▼▼▼

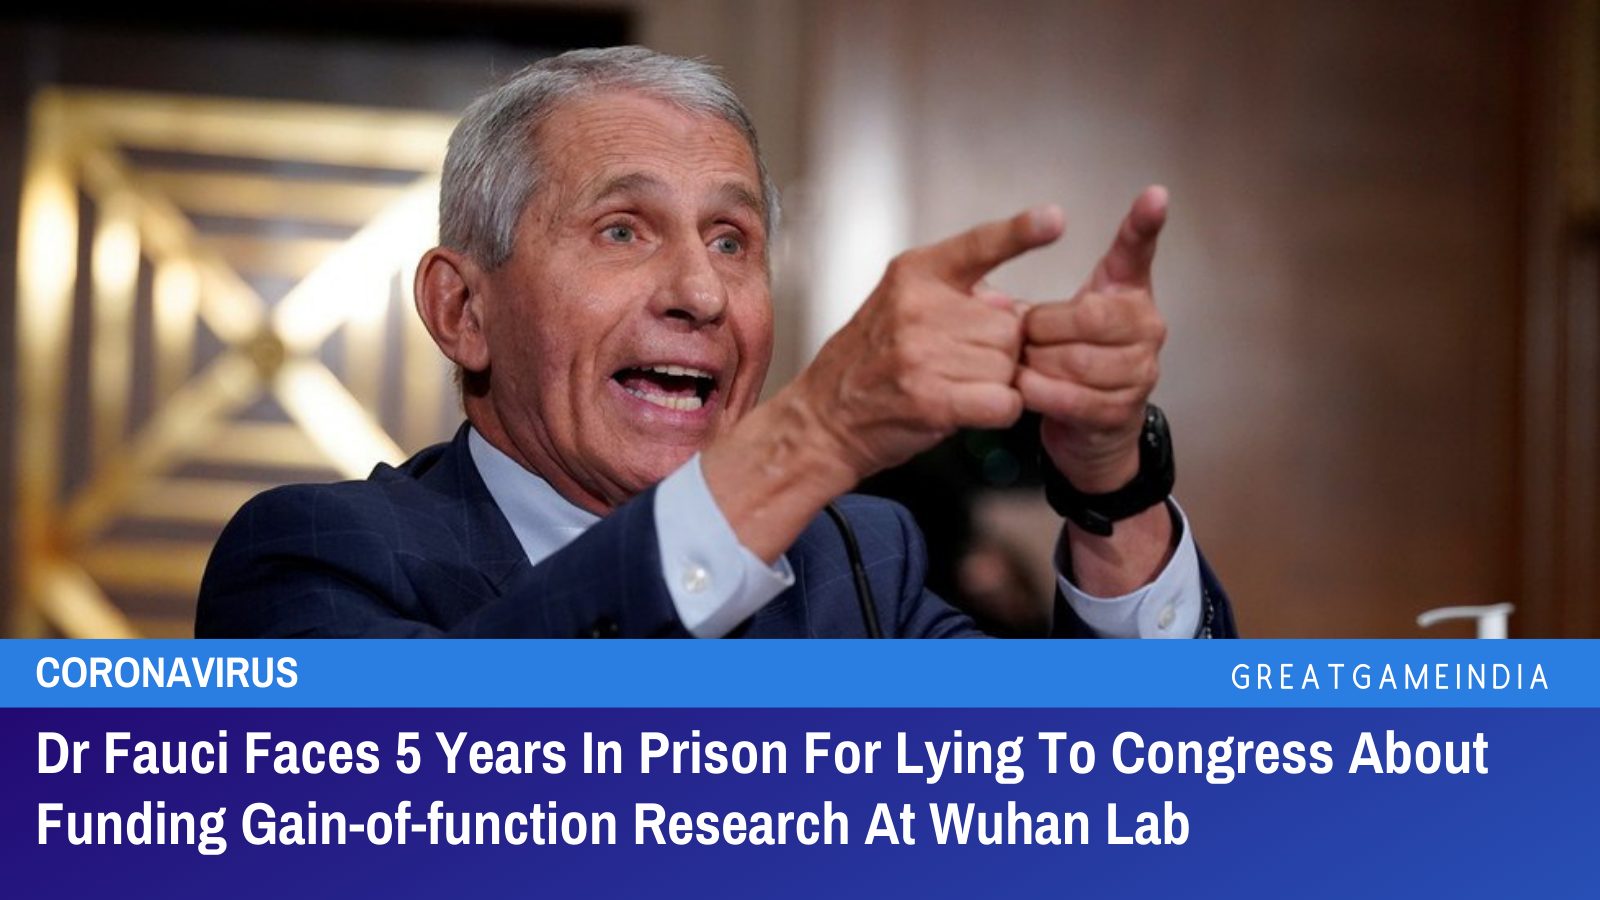 Dr Fauci Faces 5 Years In Prison For Lying To Congress About Funding Gain-of-function Research At Wuhan Lab
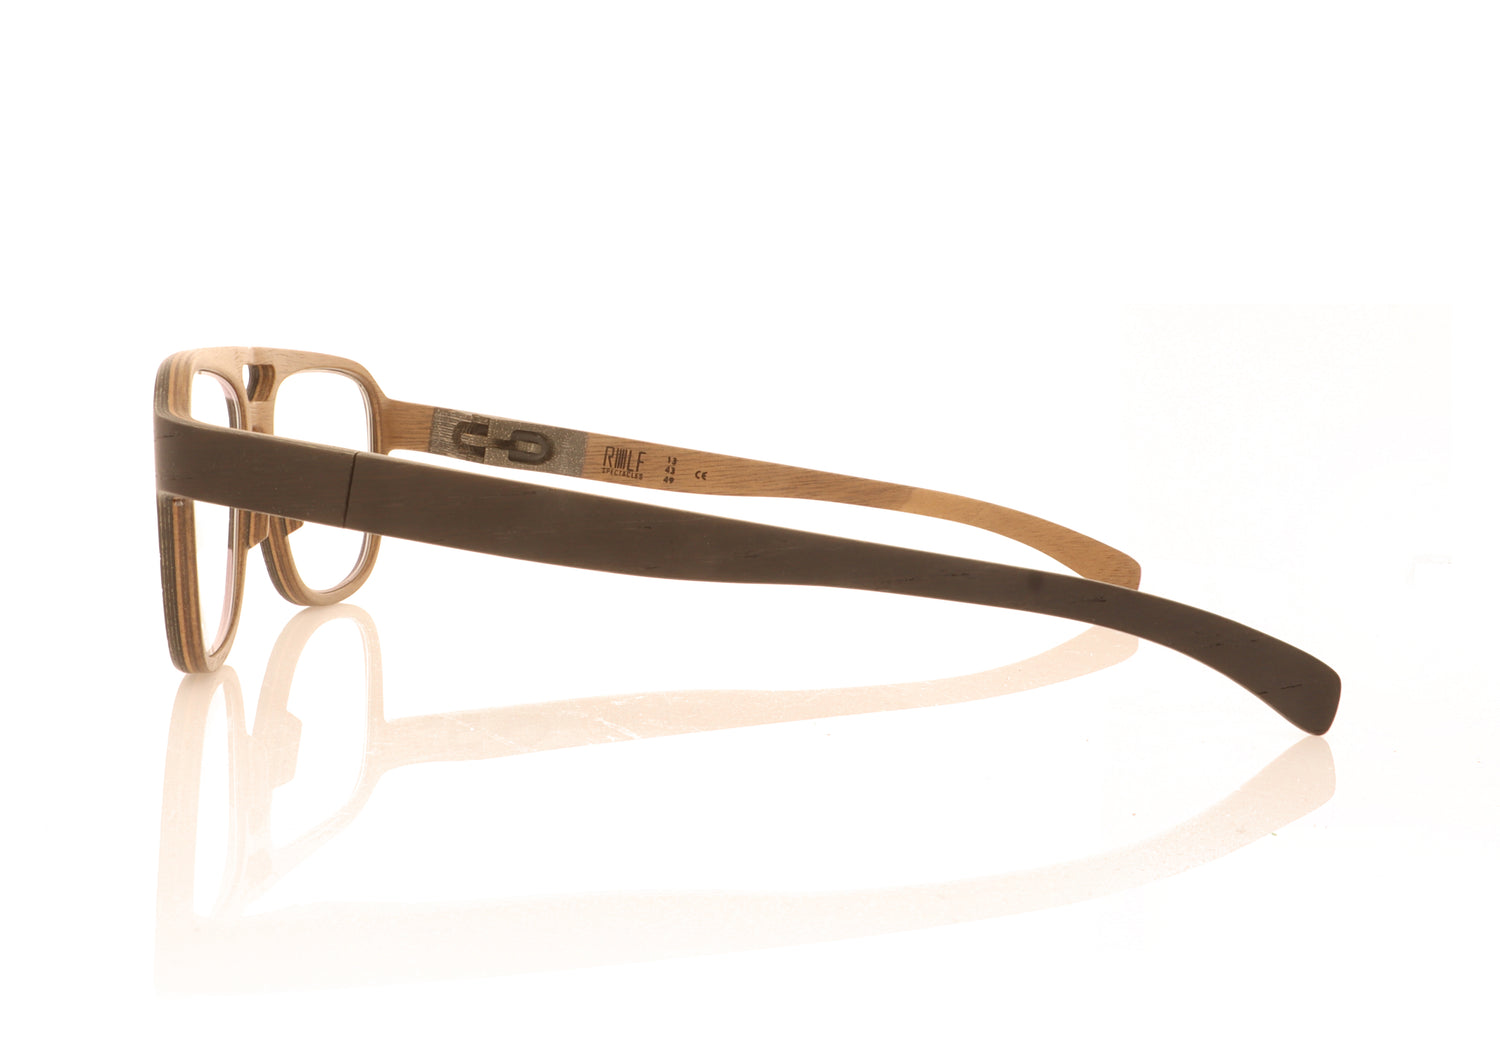 ROLF Spectacles Catalina 93 Brown Glasses - Side
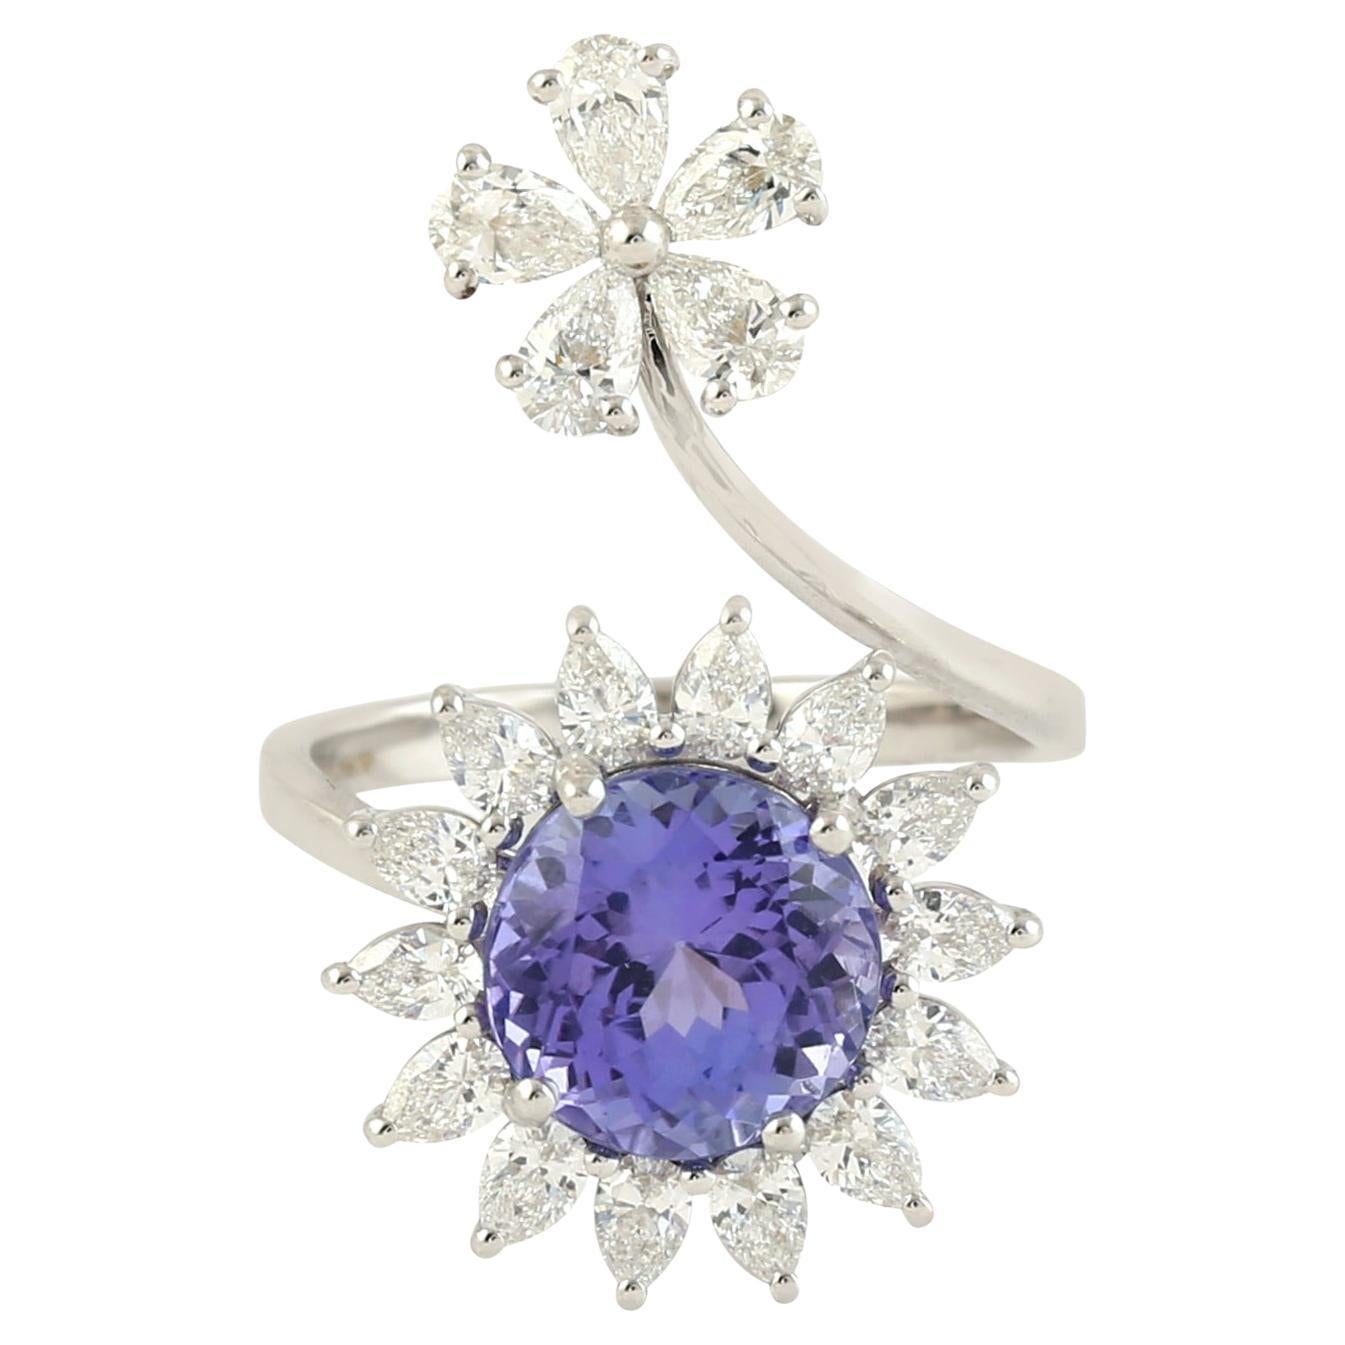 Sunflower Resembling Ring With Tanzanite & Diamonds Made In 18k White Gold
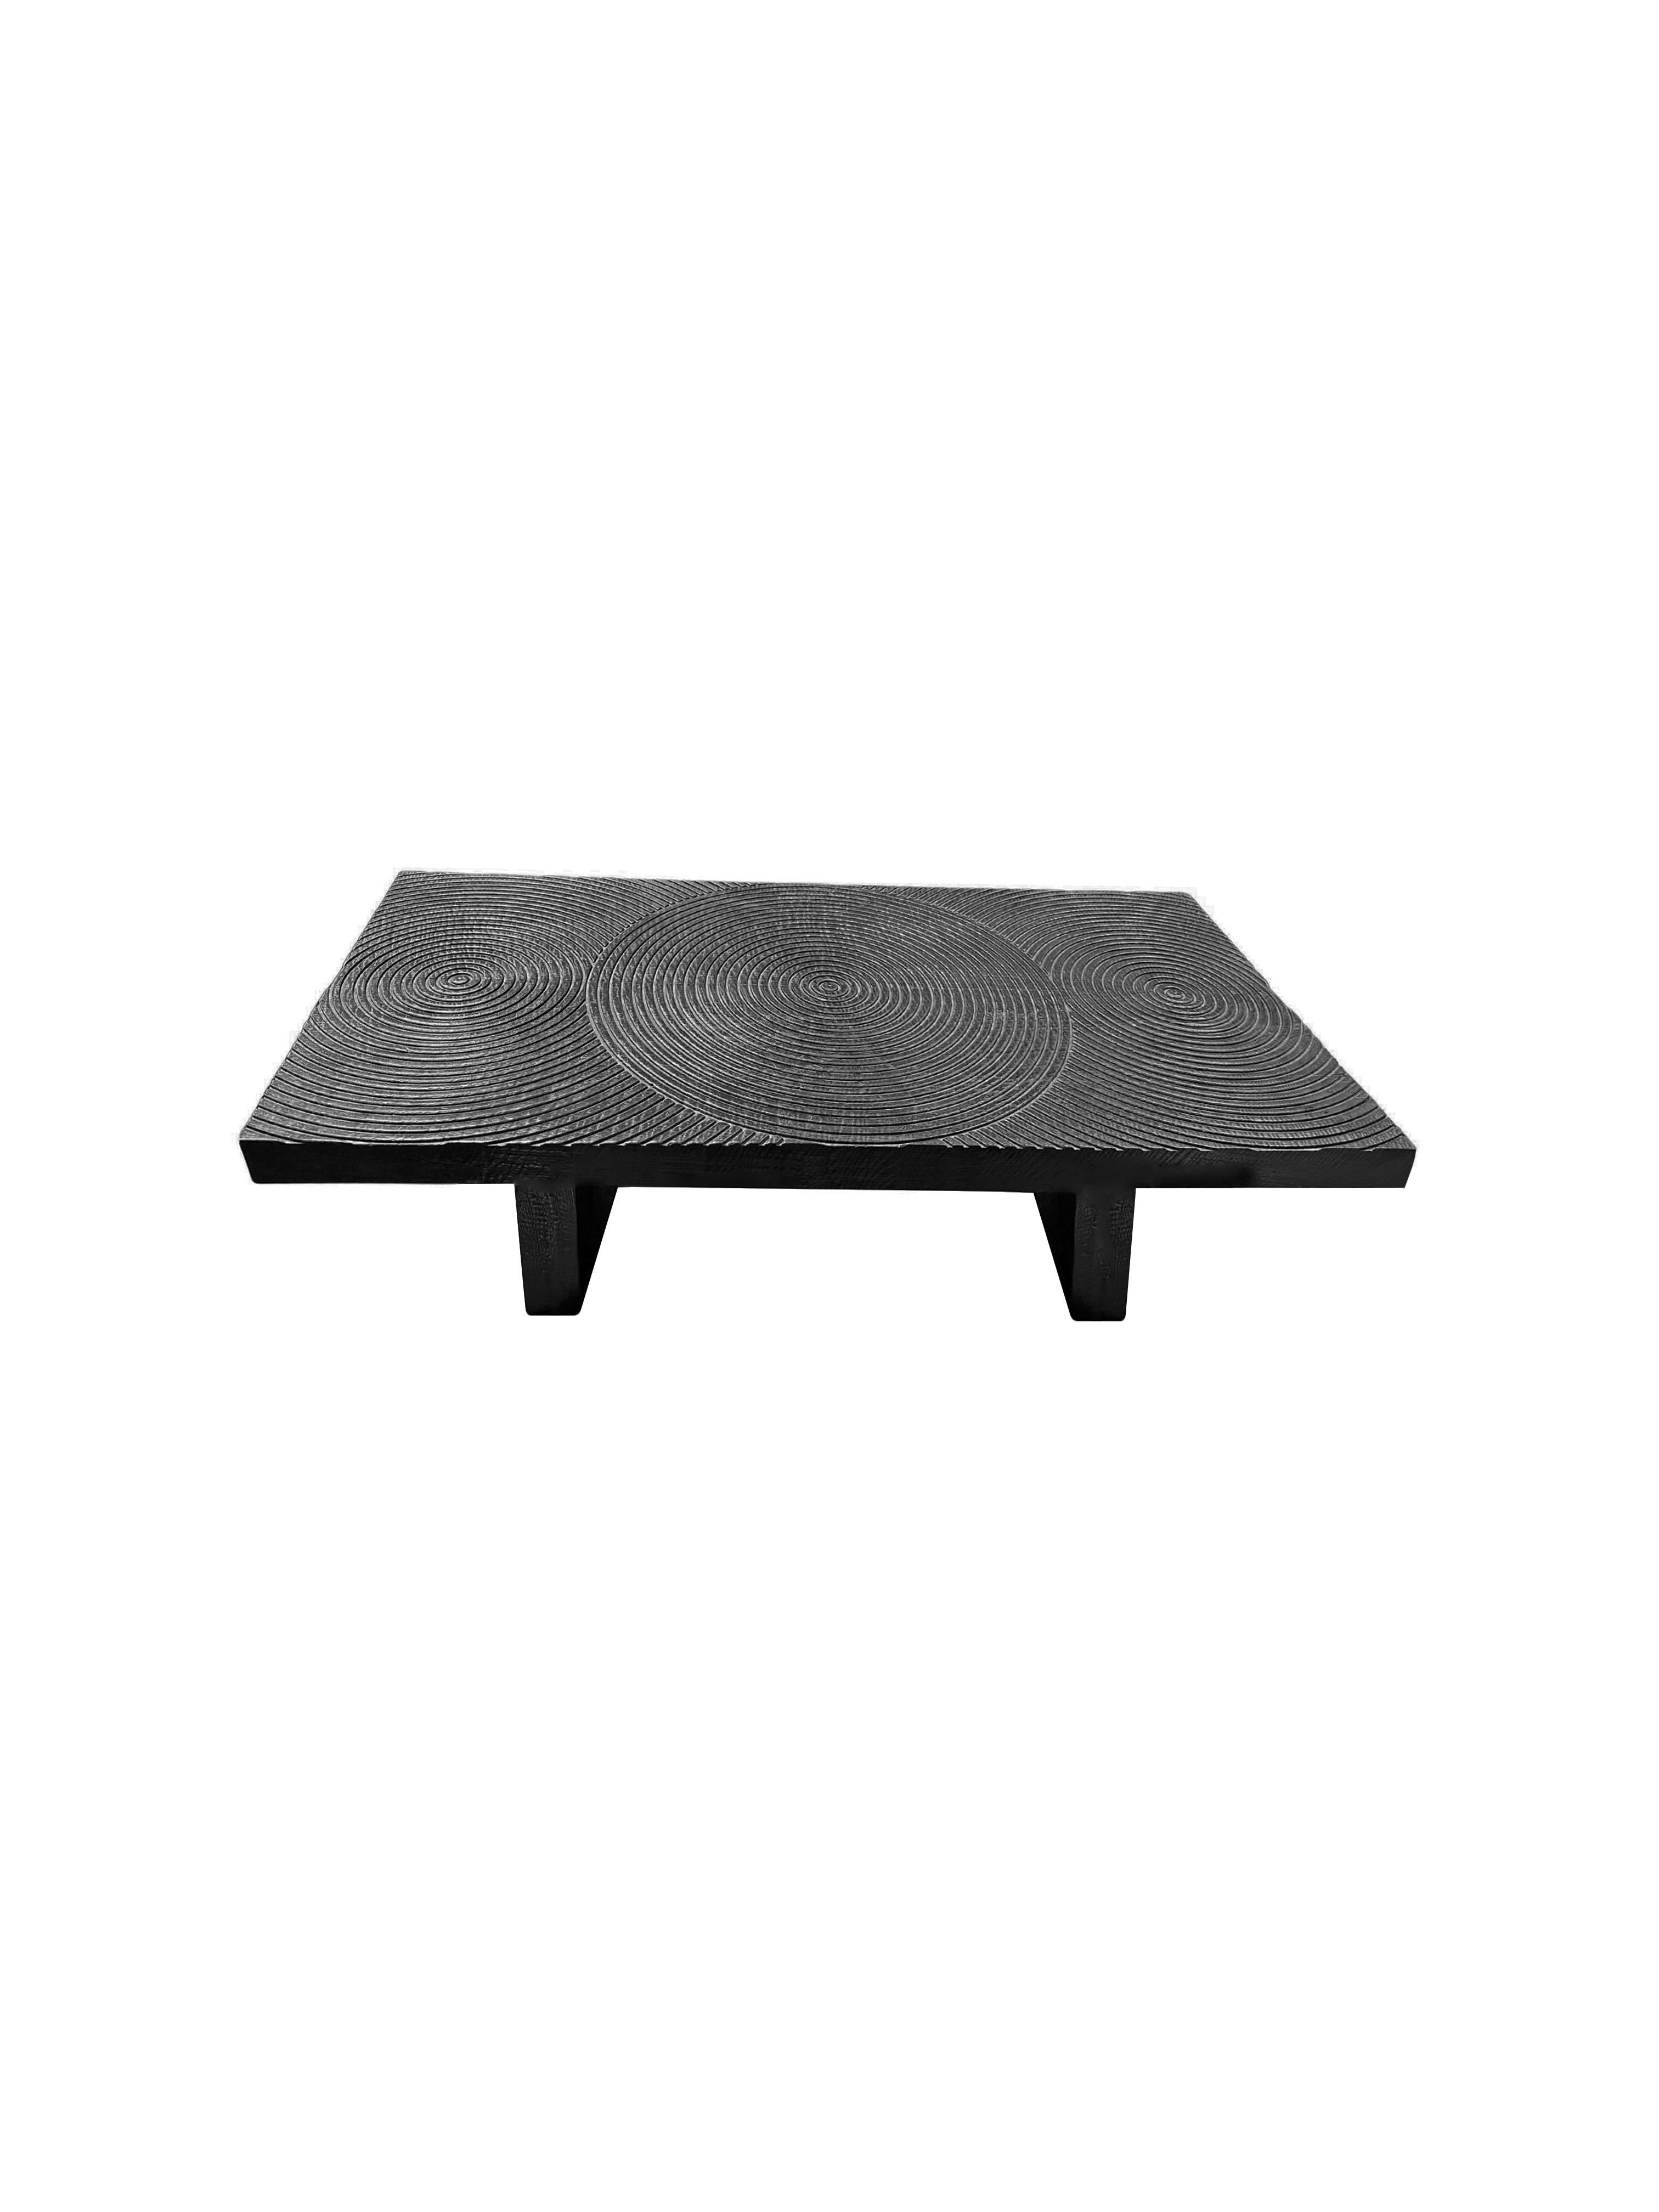 Hand-Crafted Solid Sculptural Mango Wood Table, Burnt Finish, Modern Organic For Sale
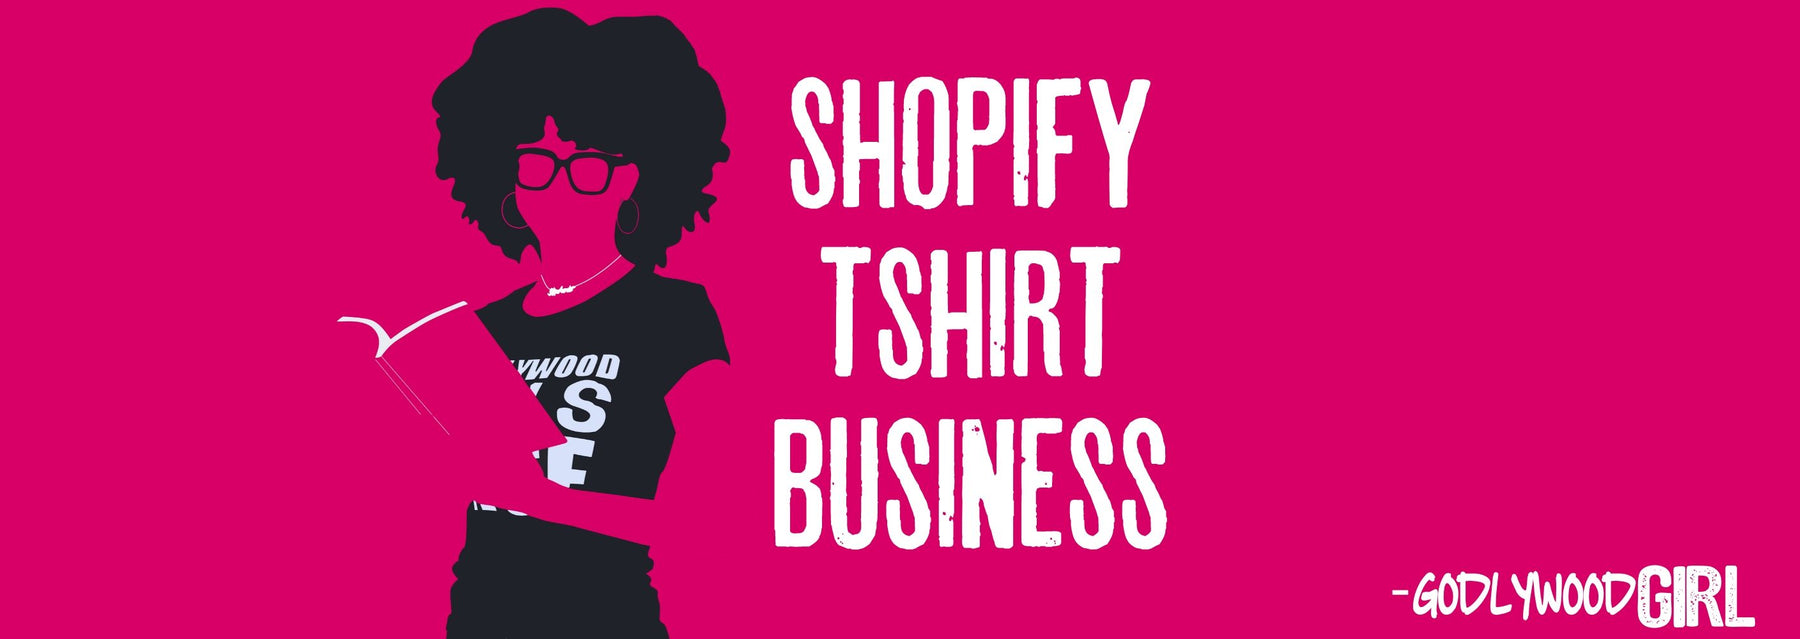 HOW TO START A T-SHIRT BUSINESS ONLINE WITH SHOPIFY PRINT-ON-DEMAND | Christian Entrepreneur Series

▲▲▲

Task objective.
Print out every record above exactly as given. Do not include the pictures.

Result of the exercise.
 Dr Fauci Faces 5 Years In Prison For Lying To Congress About Funding Gain-of-function Research At Wuhan Lab
 ROLF Spectacles Catalina 93 Brown Glasses - Side
 Sunflower Resembling Ring With Tanzanite & Diamonds Made In 18k White Gold
 Hand-Crafted Solid Sculptural Mango Wood Table, Burnt Finish, Modern Organic For Sale
 HOW TO START A T-SHIRT BUSINESS ONLINE WITH SHOPIFY PRINT-ON-DEMAND | Christian Entrepreneur Series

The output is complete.